Given information:
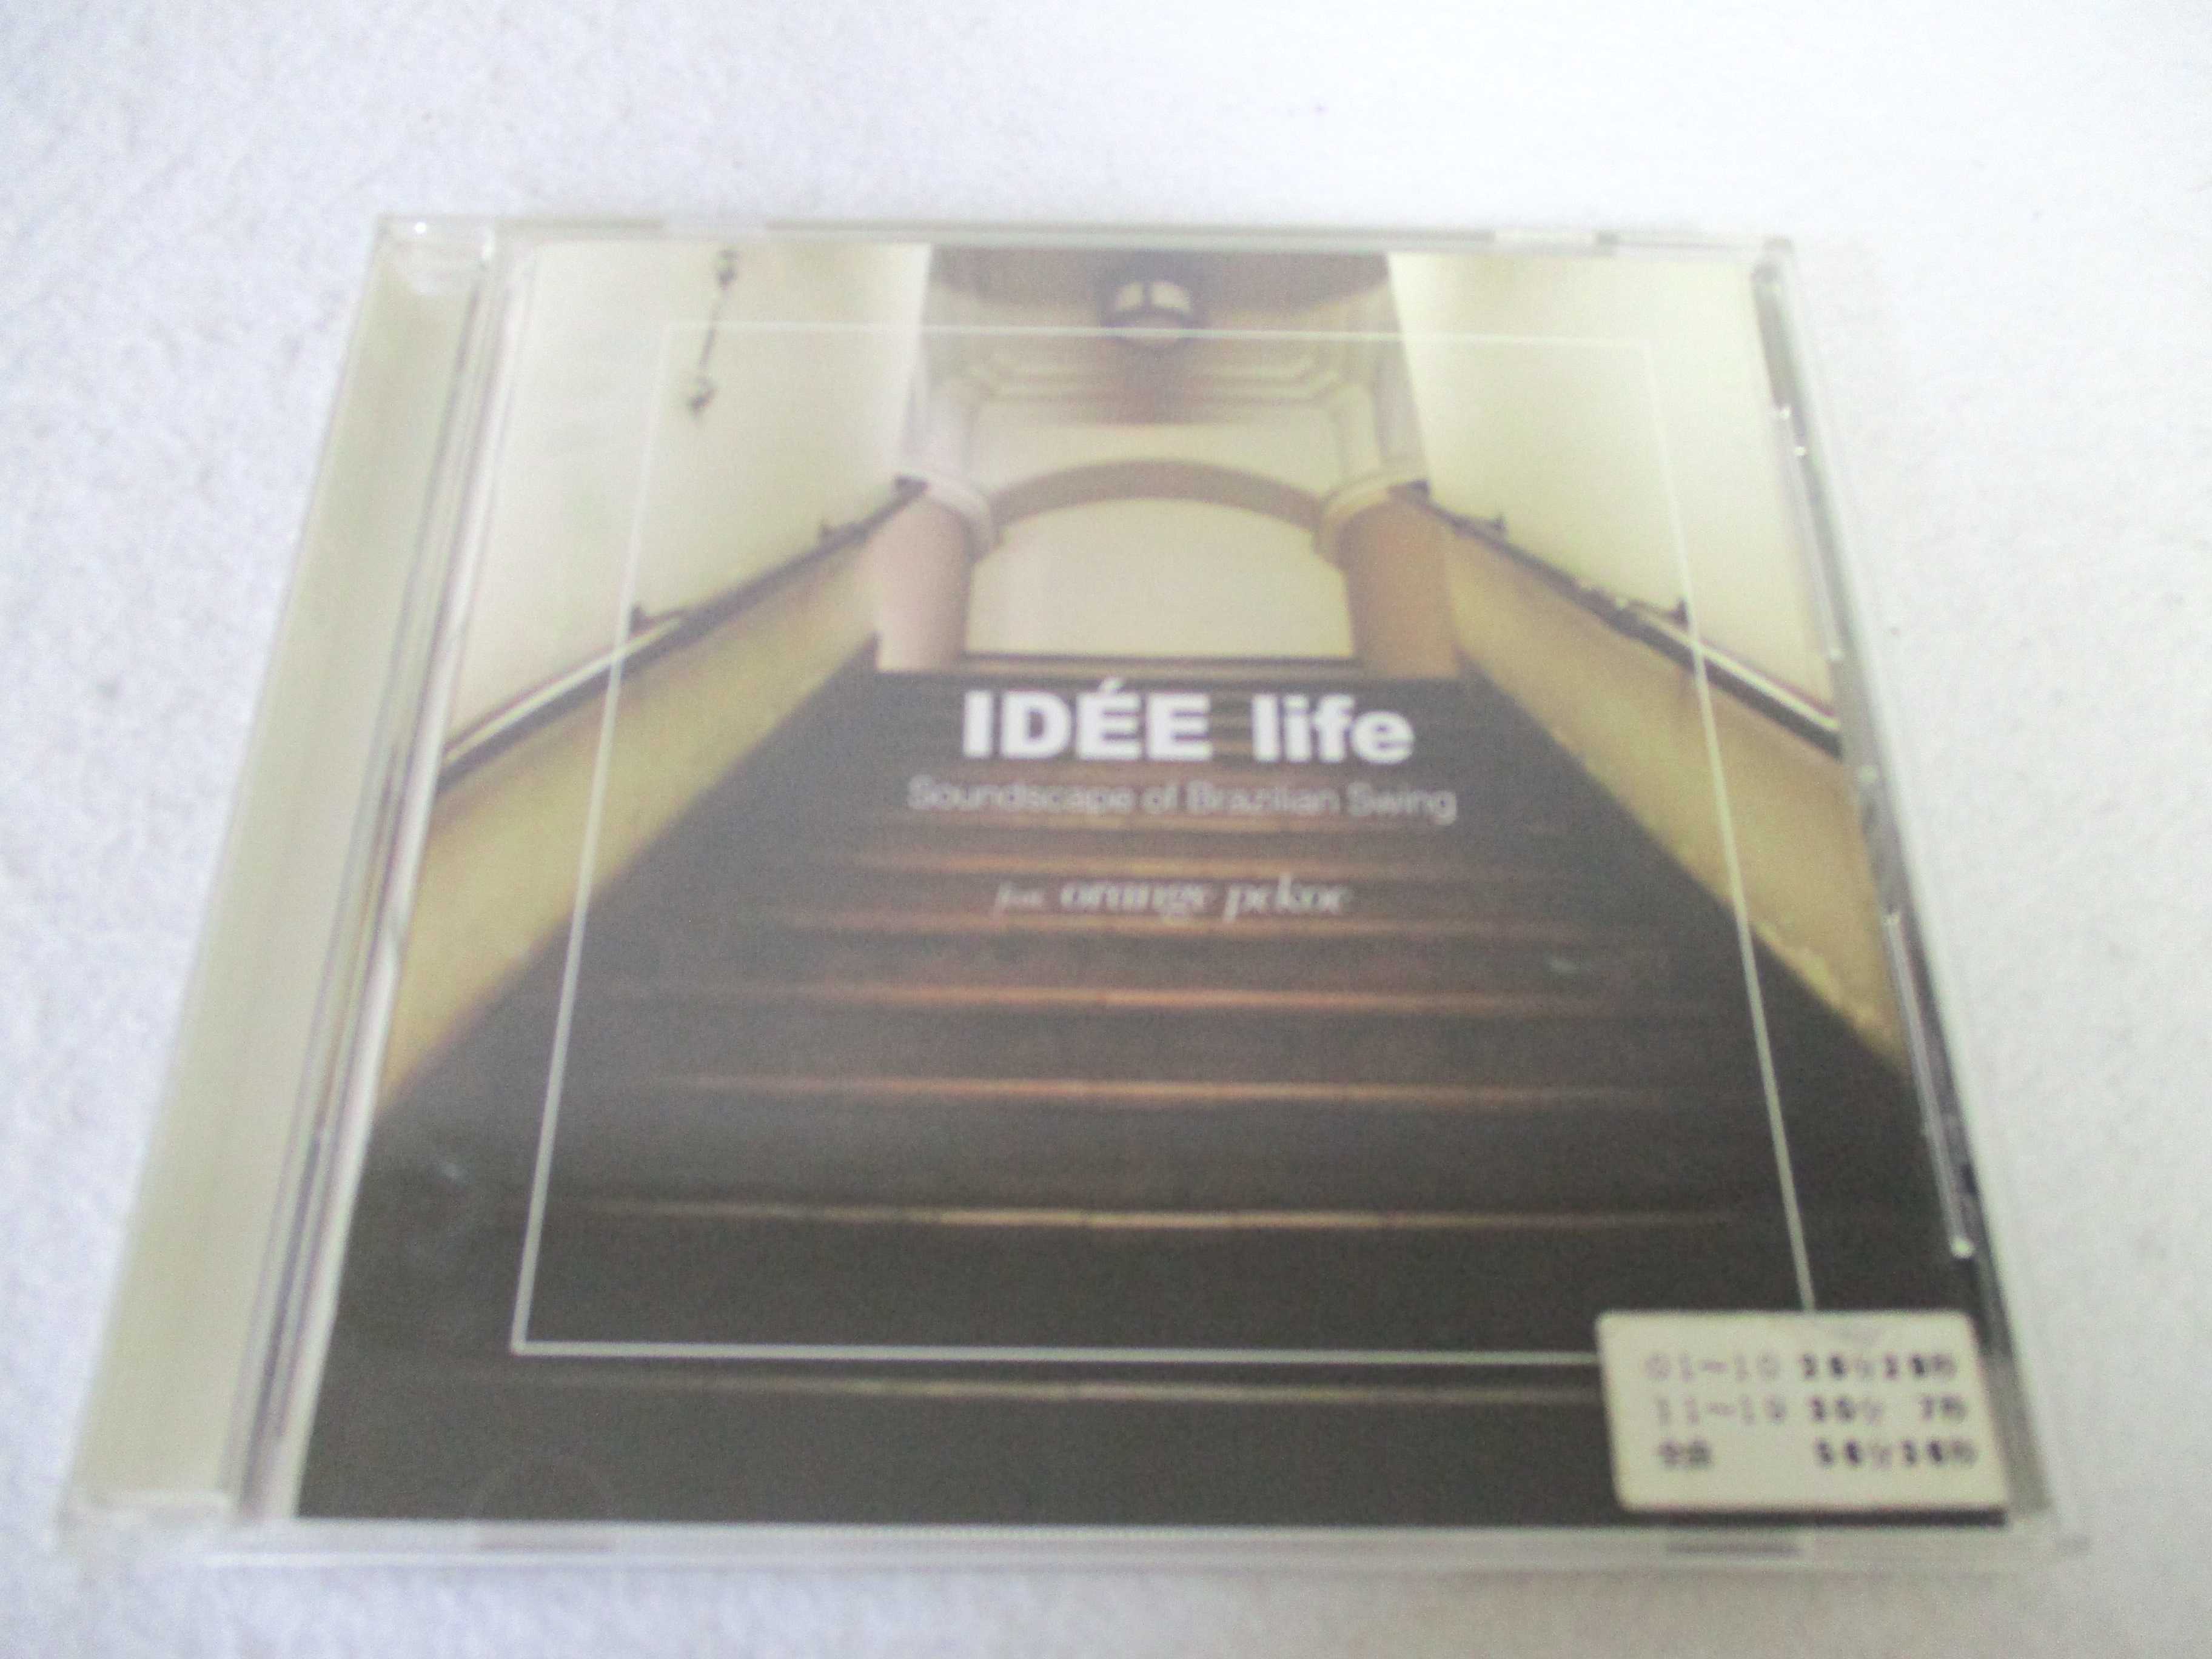 AC05212 【中古】 【CD】 IDEE life Soundscape of BrazilianSwing feat. Orange Pecoe/オムニバス
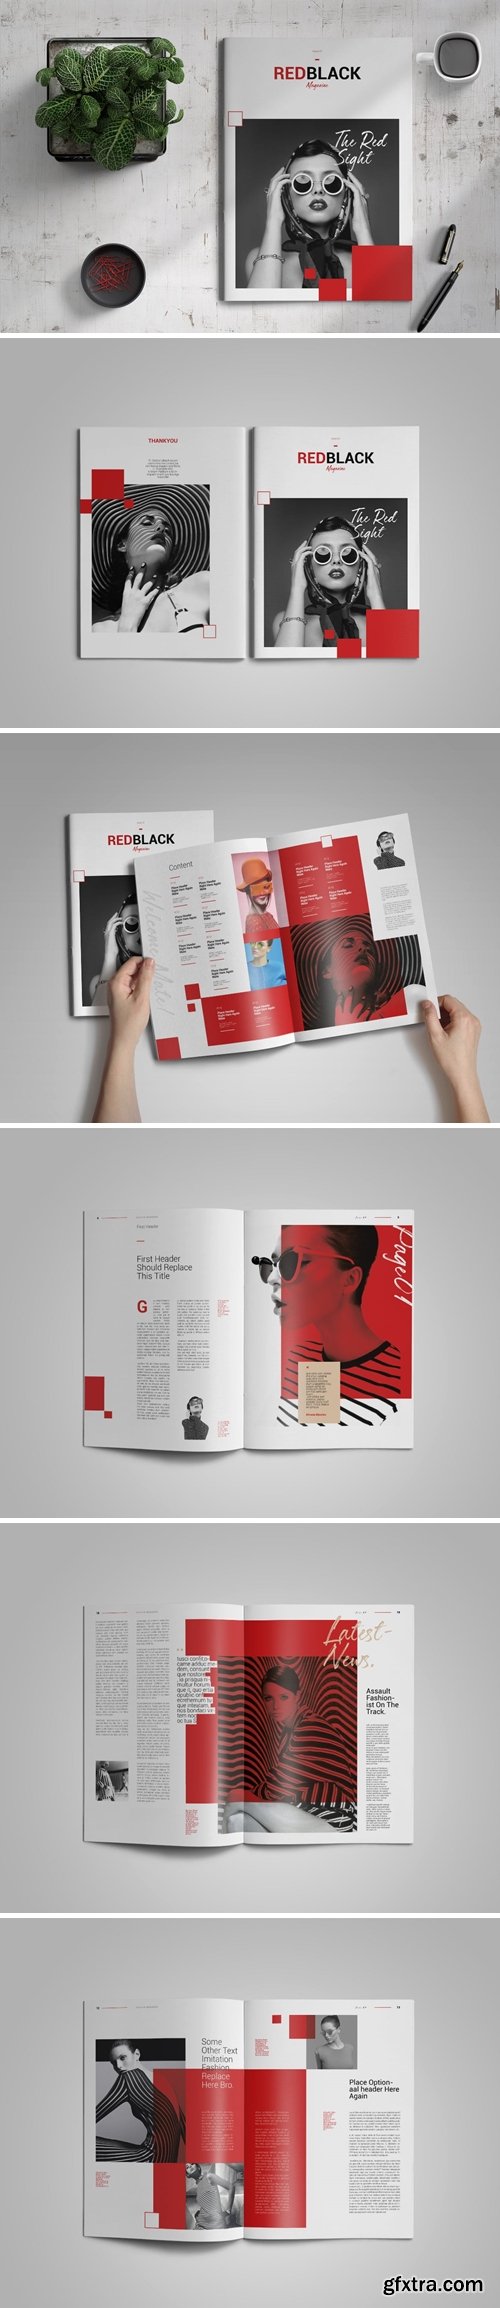 Redblack | Magazine template
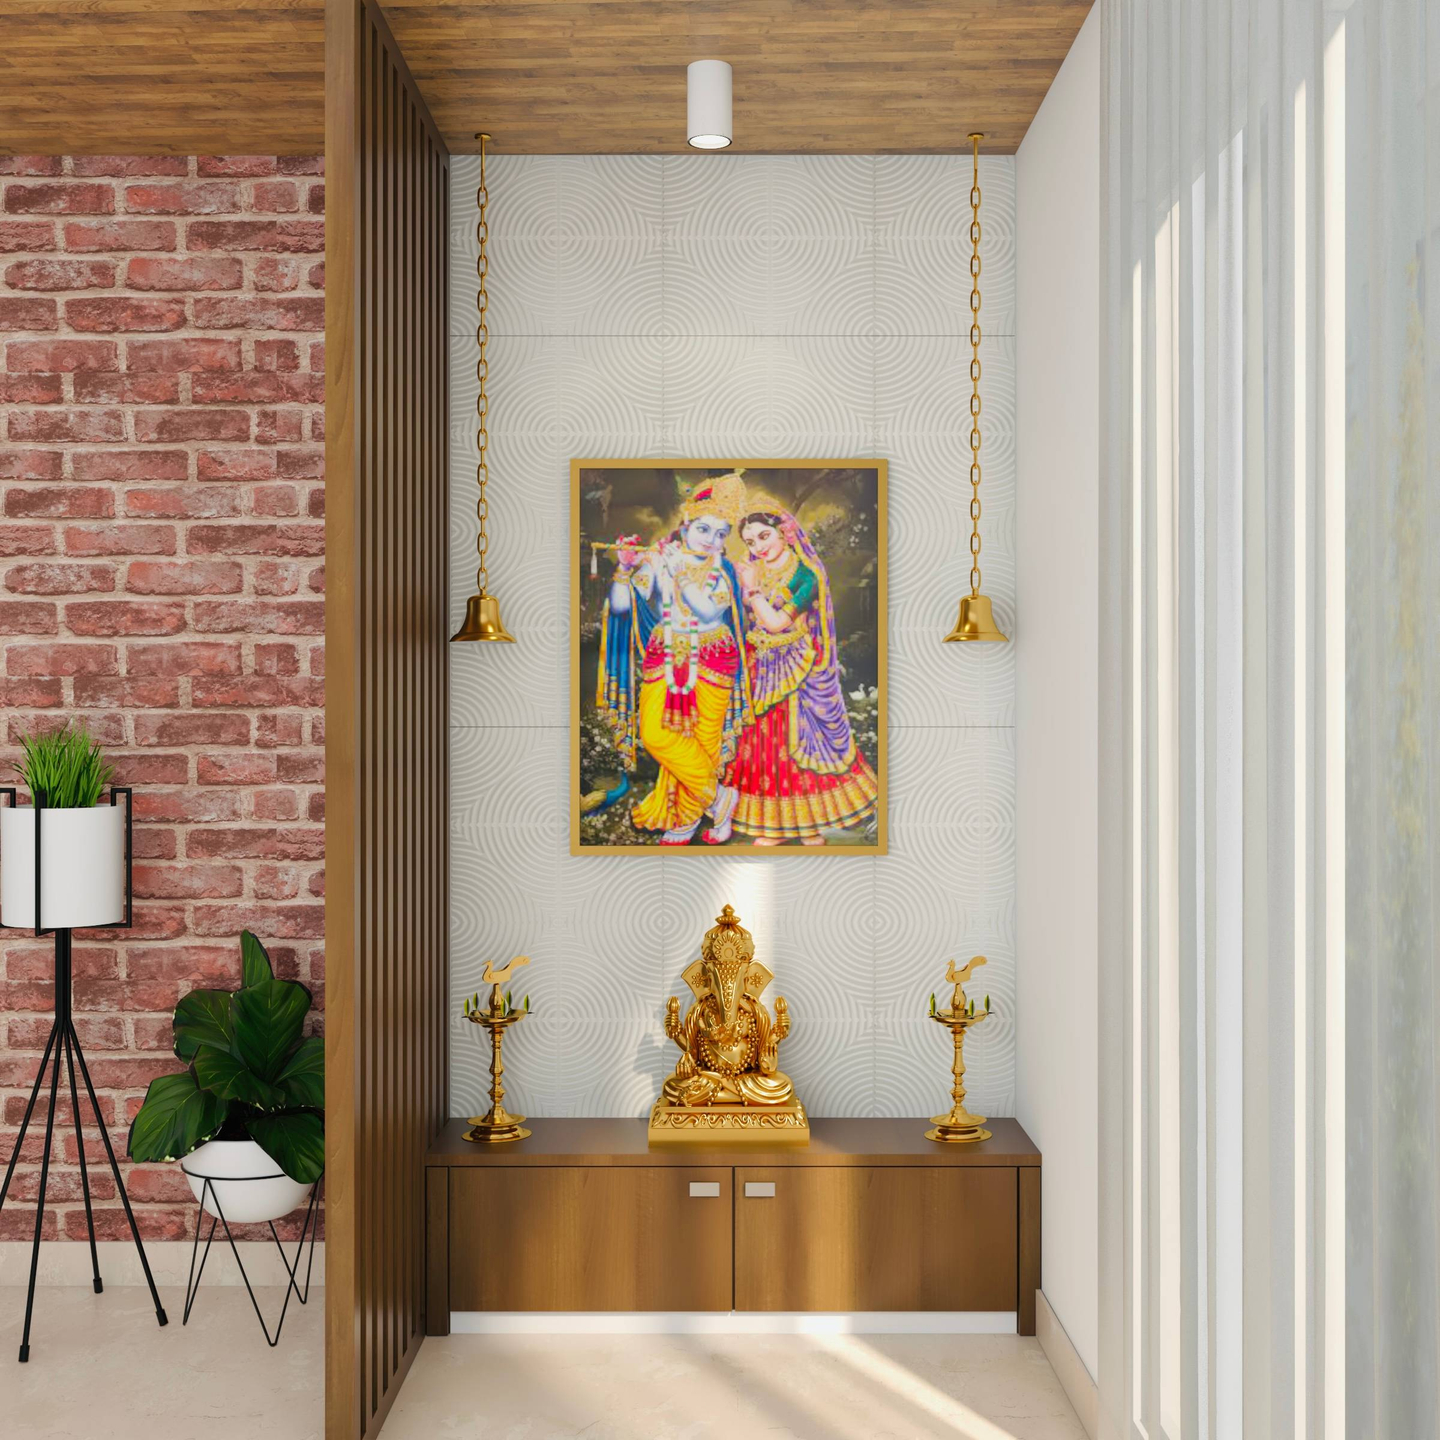 Compact Pooja Room Design With Wooden Platform - Livspace

Directions:
Exclude every picture, then reproduce the remaining data character for character.

Answer for the task:
 AC05212 【中古】 【CD】 IDEE life Soundscape of BrazilianSwing feat. Orange Pecoe/オムニバス
 Redblack | Magazine template
 Compact Pooja Room Design With Wooden Platform - Livspace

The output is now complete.